Stop supporting Joe Biden
No explanation is needed here. Literally just stop. If you need further clarification go to wikipedia.org/joebiden or whatever it is and tell me again why this guy should be president. That might not be the right link, trust me I don’t care. I’m glad he has lots of experience, but having lots of experience of being a shitty senator followed by being a figurehead doesn’t make you a better candidate.
How anyone who has that record, and will be in his 80’s during his presidency, can poll at almost 40% in this crowded of a primary is beyond me. Alas, what do I know, I’m not a boomer.
I’m also a firm believer in what I have now decided to call the, “three runs and you’re out policy.” Where if you’ve run for president 3 times and failed miserably all three times you’re constitutionally barred from trying again because you’re annoying me. I’m sure this will easily pass a constitutional convention and spell the doom of Biden, Rocky De La Fuente, John Kasich, and others from running.
At least I’m not calling for the disenfranchisement of boomers. Maybe in another edition.
Why we should have 37 states
While I’m putting out proposals for grandiose ideas I have an even better one. Cut down the country to 37 states. This is a bit far fetched, but hear me out, 13 states are literally too stupid to be considered states. If your state is one of the 13 that hasn’t expanded Medicaid I hate to tell you, but you’ve lost your, “should be a state,” privileges.
The federal government pays 90% of the cost of a state expanding medicaid recipients to those below 138% of the federal poverty guideline. So in other words, the federal government is paying almost all related expenses of covering poverty stricken people’s healthcare. Why wouldn’t you take the free money.
Oh, that’s right, you’re a conservative who doesn’t want big worshington telling you what to do. So you decide to screw your own people because they can chill while you play partisan games. Expand medicaid, start helping people, and listen to your constituents who overwhelmingly support it.

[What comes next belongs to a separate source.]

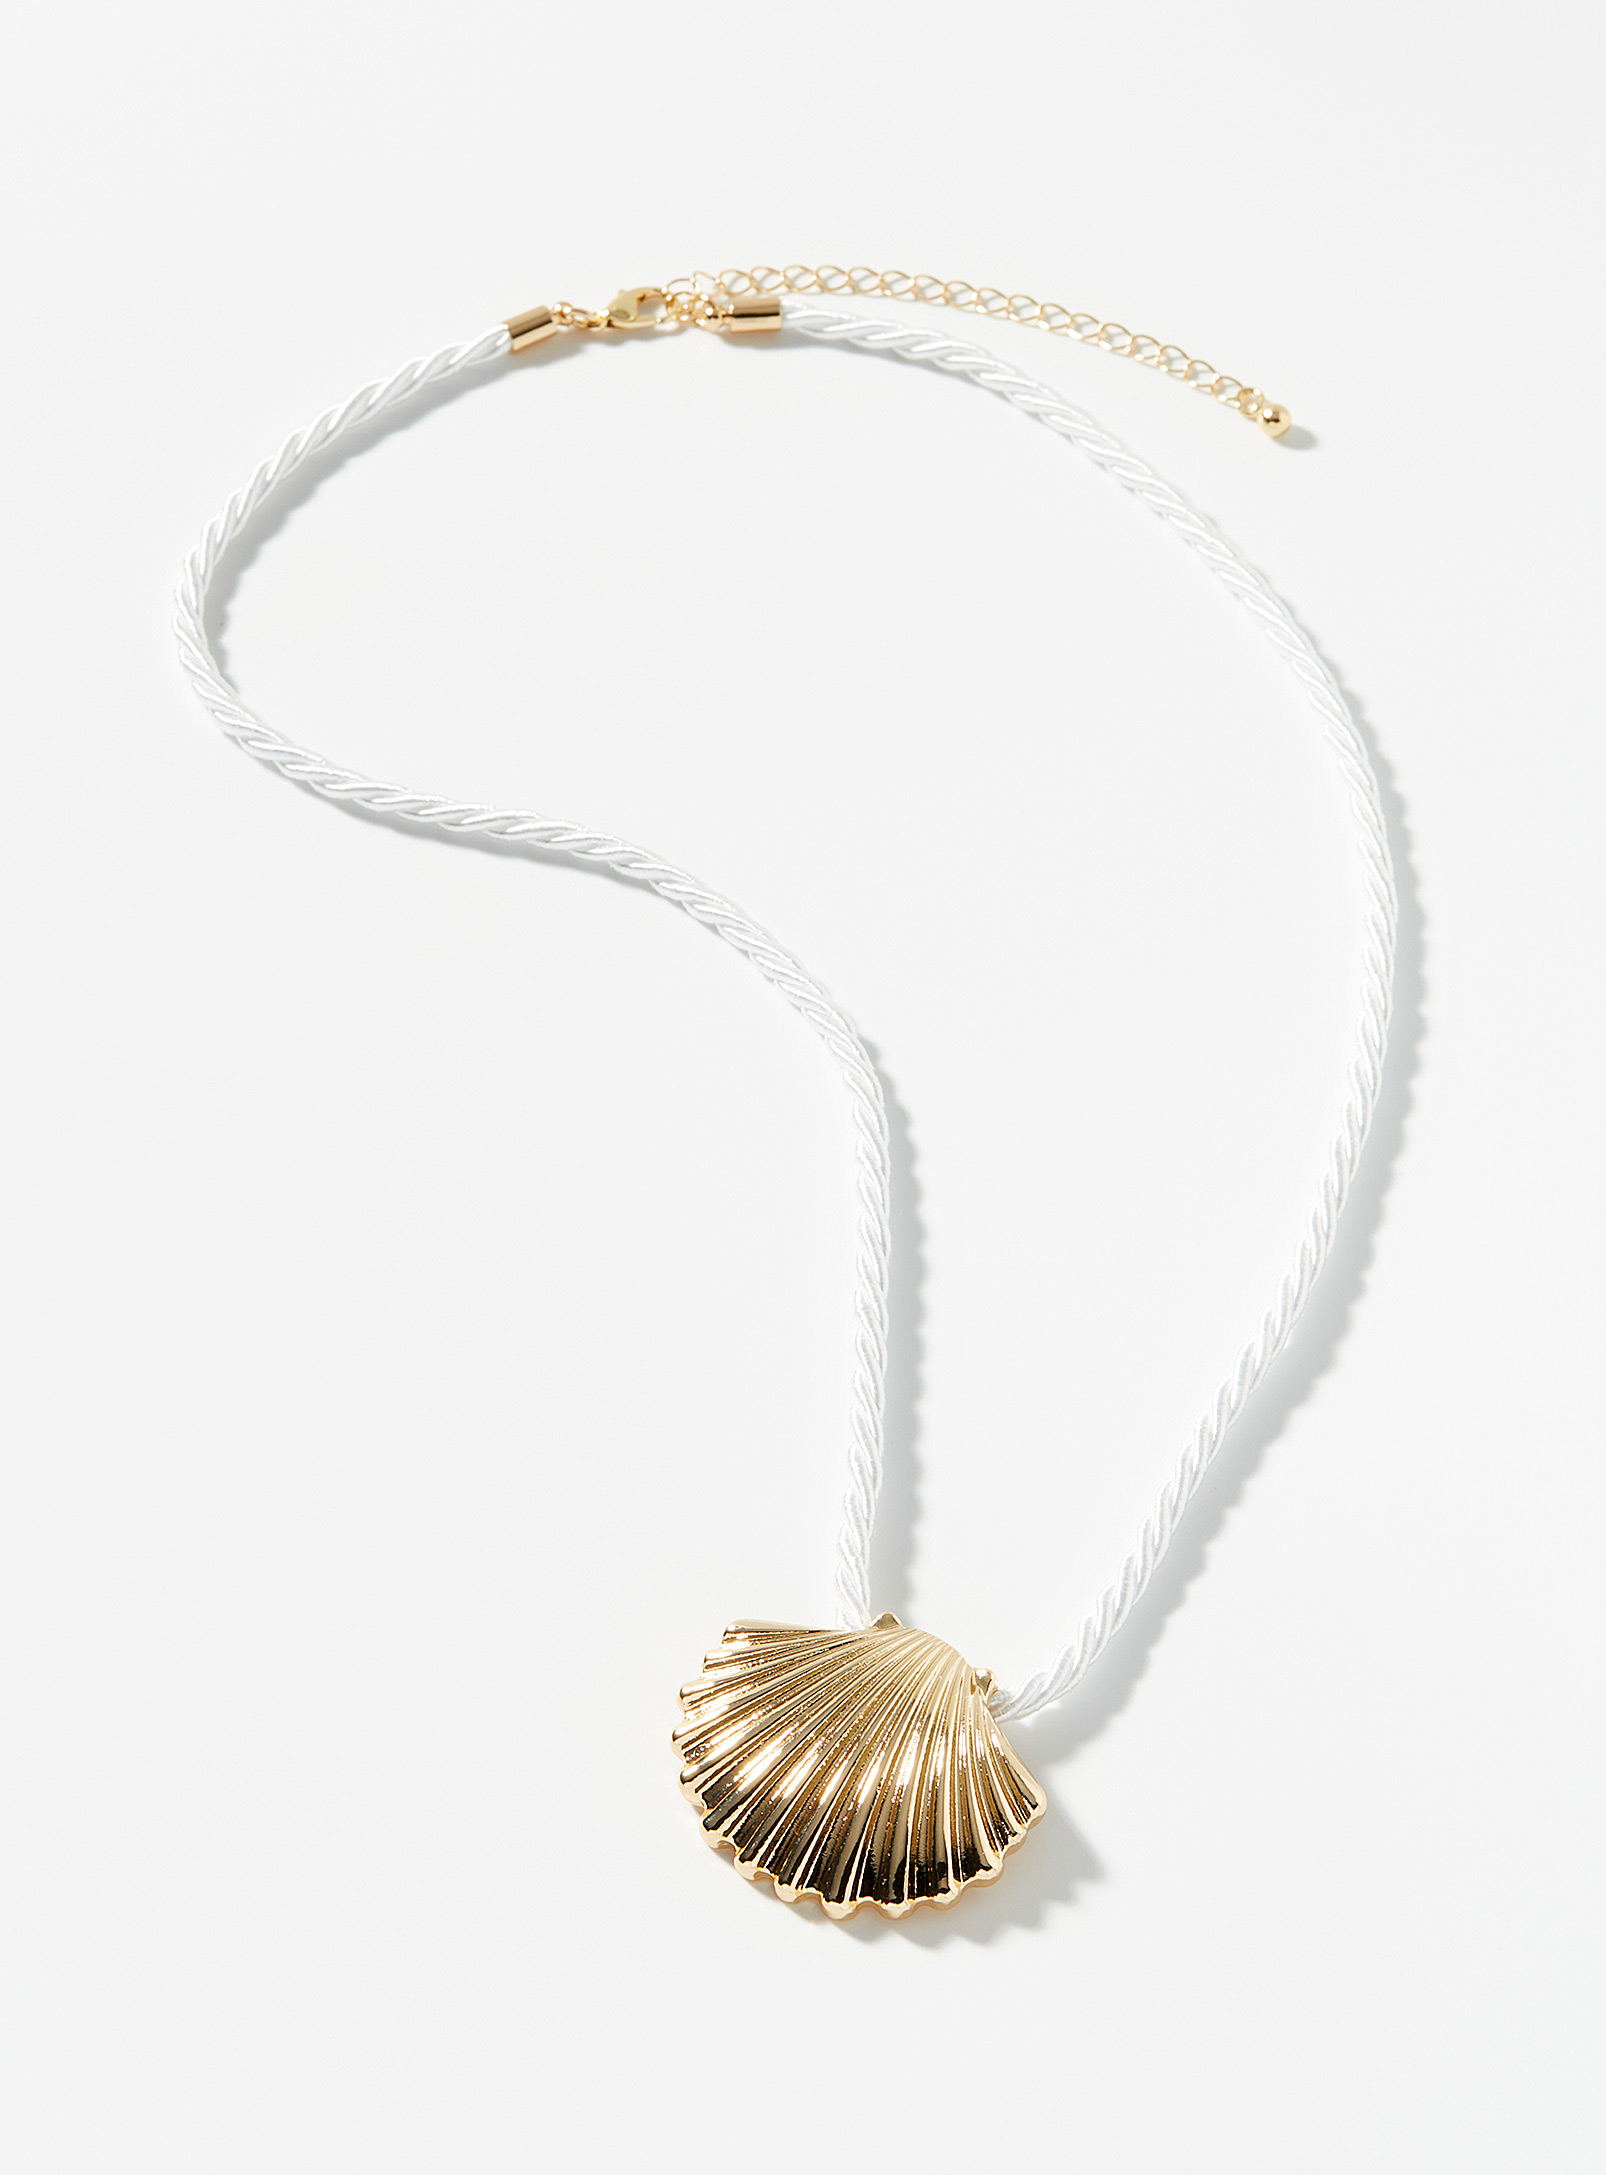 Simons - Women's Golden shell cord necklace

Please don’t go to war with Iran
I’m sure John Bolton reads my humble newsletter so I’m asking you sir please don’t make us go to war with Iran. I just finished college and I have a job lined up and I don’t feel like getting drafted to go fight another pointless war over a black syrup.
This is a very mild take as who the hell would support a war with Iran outside of the Chief Hawks in DC, but the recent pregaming (this is what I will now forever call the war planning they do) showing 120,000 soldiers going into Iran is awful.
We all know who Bolton and Co. are and what they want, but I really just want to go to Cheeseville and have some curds. I don’t even know if they have milk and cheese in Iran, not going to bother looking it up. Anyways, don’t draft me.
Trivia
Wednesday at Pastimes Pub Worthington (*not Crosswoods) where we will be defending our 2-week winning streak.
Have a cheese filled day. I think I’m getting a tuna melt for lunch.